While a successful attack on one of the U.S. exchanges may be difficult to pull off, some are worried cyber criminals will infiltrate the network by finding a chink in the armor of the vast financial ecosystem, which includes a slew of lesser-known organizations that provide support functions.

“When you think about the different cogs in the system, they do just have to find the weakest link,” said Schneck.

Herberger said among many others, one likely target is the Depository Trust Clearing Corp., which is a gigantic securities clearinghouse. The DTCC settled more than $1.66 quadrillion in securities transactions in 2010, including $217.5 trillion worth of equity, bond and ETF transactions.

“DTCC places the utmost priority in protecting our systems as well as our data and that of our customers,” a DTCC spokesperson said in a statement. “We have in place rigorous and robust security procedures to identify and prevent potential threats to our organization and we work closely with our members, regulators and the industry to help preserve the safety and integrity of the capital market’s infrastructure and operation as a whole.”

Confidence at Stake

Security experts differed on whether or not a single infiltration into a weaker link would be enough to bring down the whole network.

Schneck said she believes the financial system is too compartmentalized for that to happen.

“You can’t take them all out with just one button,” said Schneck. “It would be difficult to take down an exchange because an exchange really encompasses several different components that are highly protected due in large part to Herculean efforts by the financial sector.”

The stakes are clearly very high.
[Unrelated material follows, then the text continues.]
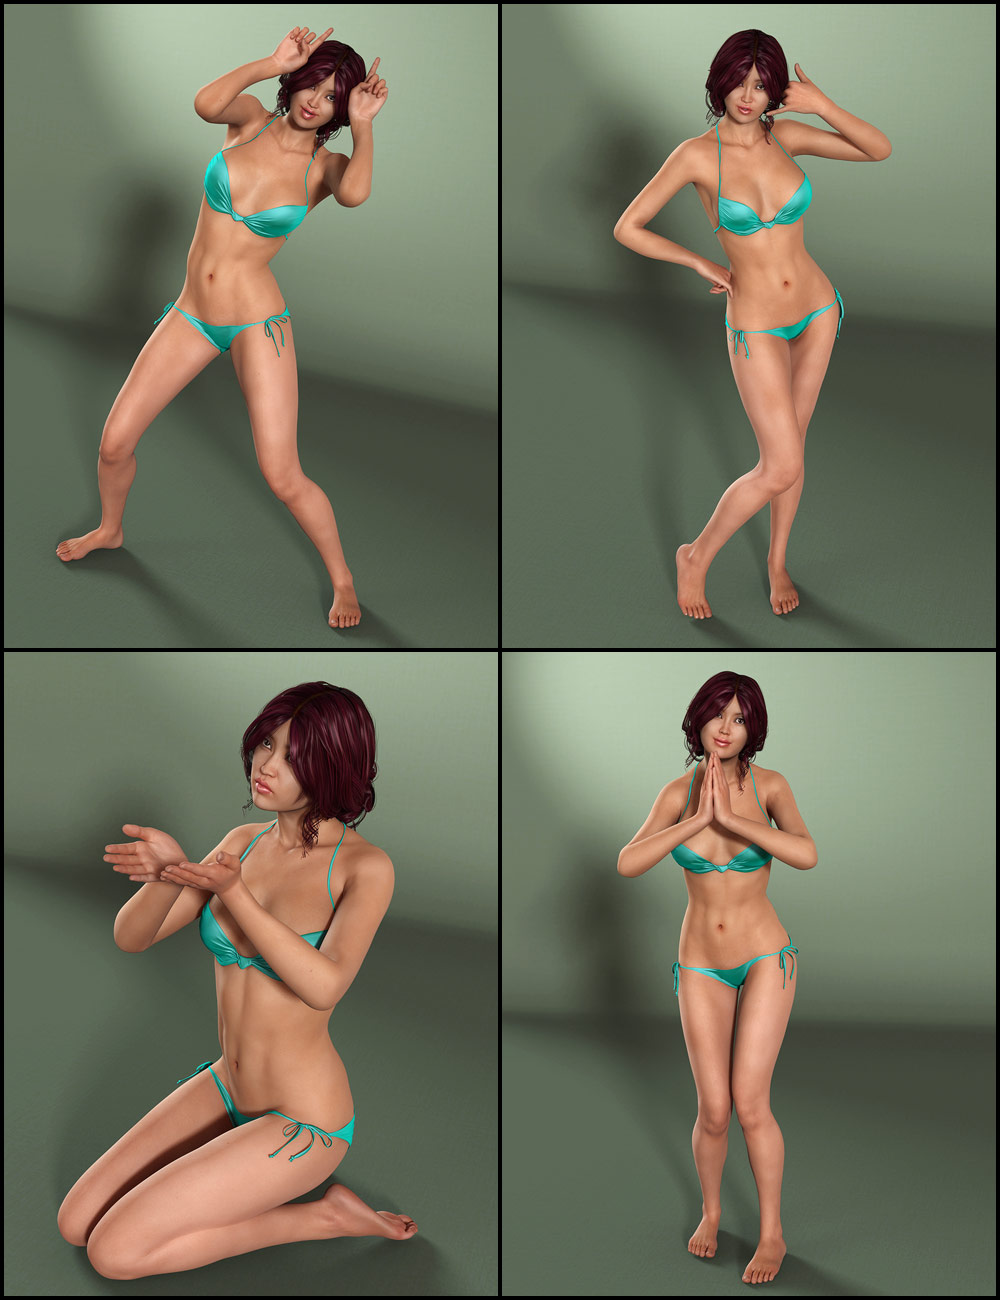 Cute 'n' Playful Poses for Mei Lin 6 by: blondie9999, 3D Models by Daz 3D

A successful disruption in the markets caused by a cyber attack would be likely to severely hurt investor psyche and could trickle down to the broader economy.

Many investors appeared to lose confidence in the system in the aftermath of the May 2010 Flash Crash, the mysterious meltdown that caused the Dow to plummet 1,000 points in just minutes before quickly recovering.

“We all need to be increasingly vigilant because the adversary has to be right only once and we have to be always right,” said Schneck.